As I get it back to the setting I had it at before, I notice through the lens that he’s shifted and begun staring at my car. I see a phone set up to stare at me. Without warning I see him turn the key and ignite the car to life.
“Sabrina, he’s turning his car on.” I keep still and have a sudden thought to duck down, no longer thinking of pulling out a flashlight.
“Okay, okay. Tell me when he starts to move.”
“I will.”
Suddenly, the car does move. It comes toward me and I consider ducking again, but I don’t. I feel frozen. He moves slowly, but when he does come and pass my car, I involuntarily lock eyes with him. I see him look at me, into me. Maybe, for the first time, he knows it’s me that’s followed him for so long, a student. Maybe this means he’ll look for a restraining order against me, meaning I can’t act dumb in his class anymore. I can’t hide. I check my phone and Sabrina is still on the line.
“Hey, he just drove off.”
“Good,” she replies. “Thank God.”
“He looked at me,” I say. “We locked eyes for a moment when he passed. He has to know who I am now. The car, my face.”
“Oh, fuck. Look, thank you so much for everything and being here, but please be safe.”
“I am, I will be.”
“Do you have any weapons with you?”
“I have my switchblade and the pepper spray you gave me.”
“Okay. I want you to be safe, I really do. It should be me out there looking after myself. I’m sorry about all this trouble.”
“You’re fine,” I assure her. “It’s okay. I’m here to help, and that scared me, sure, but it’s the seventh night and there’s no way I don’t have enough footage to go toward a restraining order.”
“Yeah, that’s right. Just until nine, do you think you could move up to where he parked in case he comes back?”

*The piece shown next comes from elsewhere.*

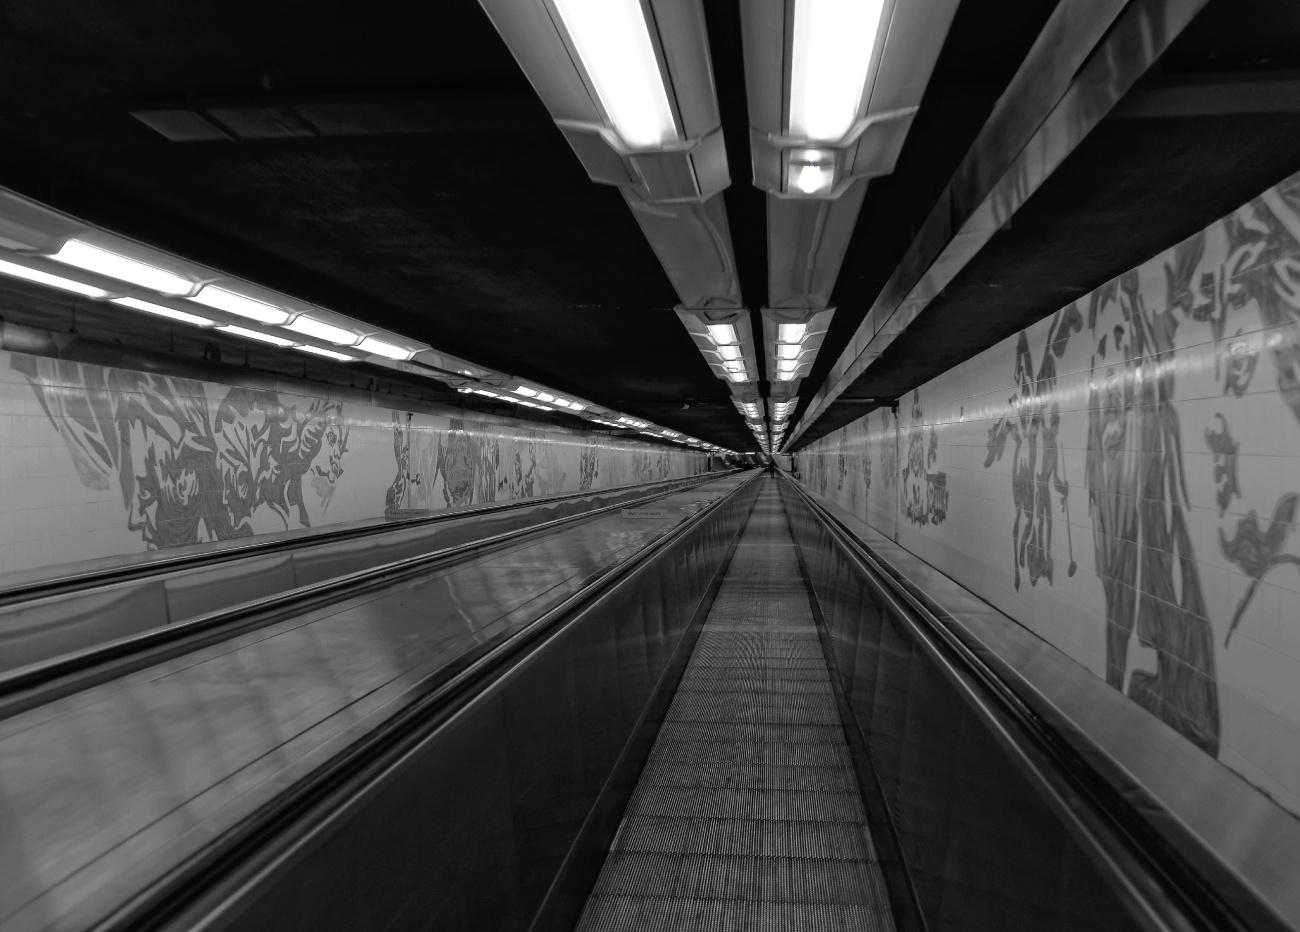 tapis roulant, couloir métro parisienyanotype_DxOVP

“Of course.” I sit myself back into the seat and turn on the car. “Tomorrow when you’re paid you’ve got to get a Ring doorbell camera installed. Please don’t forget about that.”
“I won’t. How could I?”
I get the car moving once my seatbelt is fastened on. My drink stirs and shifts as I go.
“Those cameras are such good lifesavers, even our charming professor has one.”

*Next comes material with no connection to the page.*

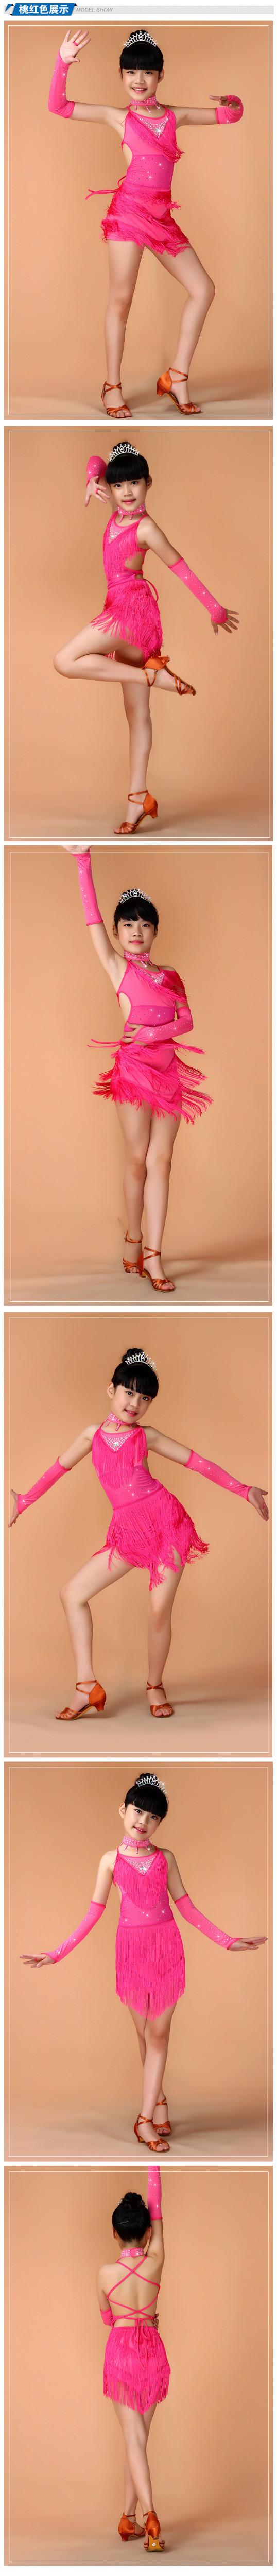 DB23707 latin salsa dance dress-6

As I say this, I notice a car ahead of me who goes a normal speed, but as I roll to the stop sign they begin to feel like they’re moving faster. Up and up. It’s a minivan, a brown-looking minivan with an out of state license. Wisconsin. The van zooms and it reminds me of the professor’s. It’s coming.
“Does he really?” Sabrina asks. “What a hypocrite!”

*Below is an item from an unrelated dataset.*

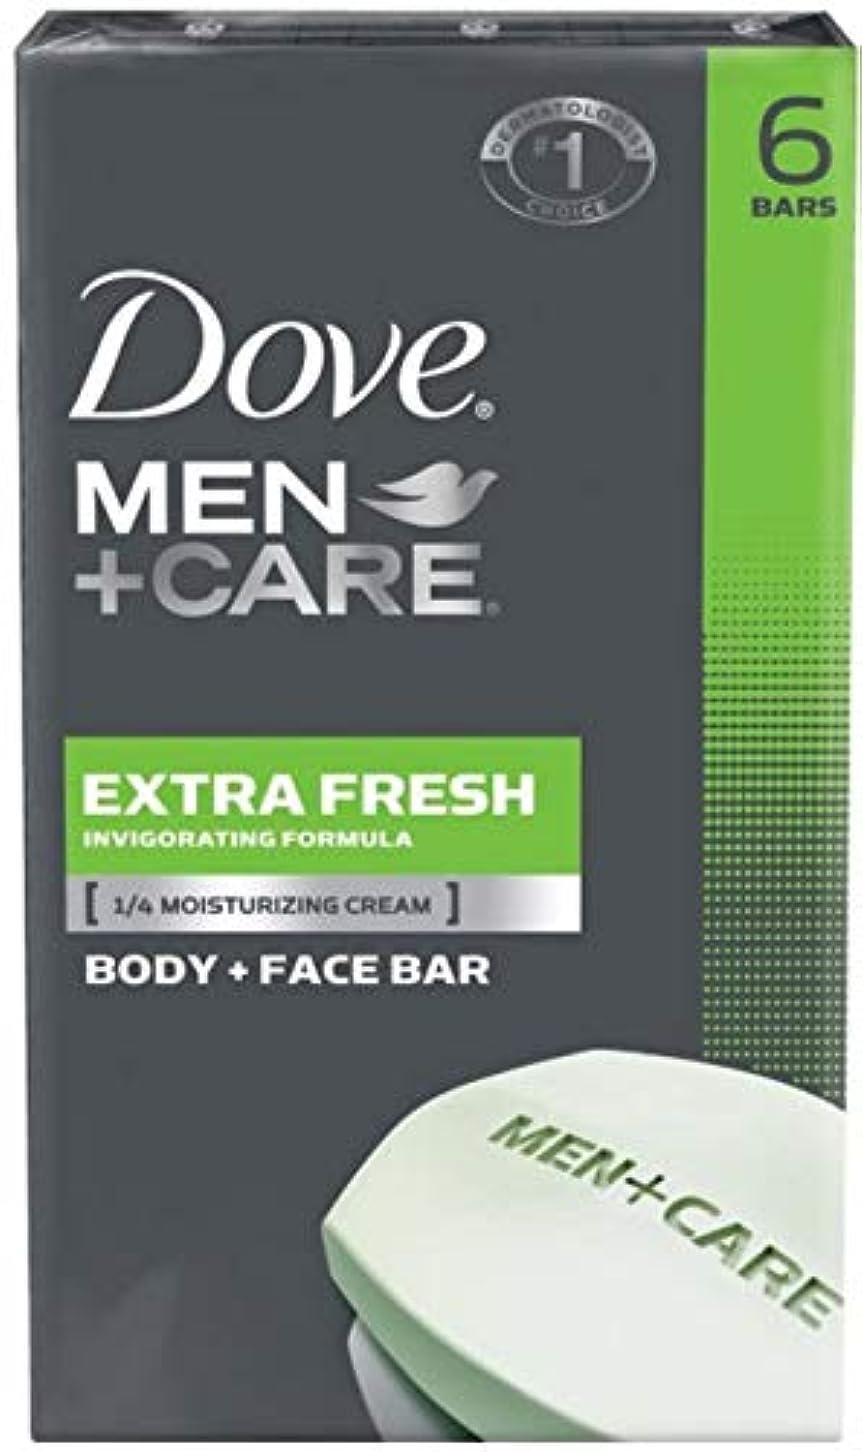 難しいマカダムDove Men + Care Body and Face Bar, Extra Fresh 4oz x 6soaps ダブ メン プラスケア エクストラフレッシュ 固形石鹸 4oz x 6個パック [海外直送品]

I hear her come through but I don’t listen. The van speeds more and more as it comes closer and closer, and as I watch I feel glued to the stop sign. It’s not until I realize this feeling that I let my foot off the break and continue forward. The minivan has the same four-way stop approaching but does not slow down.
“This guy’s going to speed past the stop sign,” I think out loud.
“Who?”
The van’s speed climaxes, and I expect it to continue in a rush past the stop sign and out of view. Without warning the van suddenly turns, and I am directly struck head on.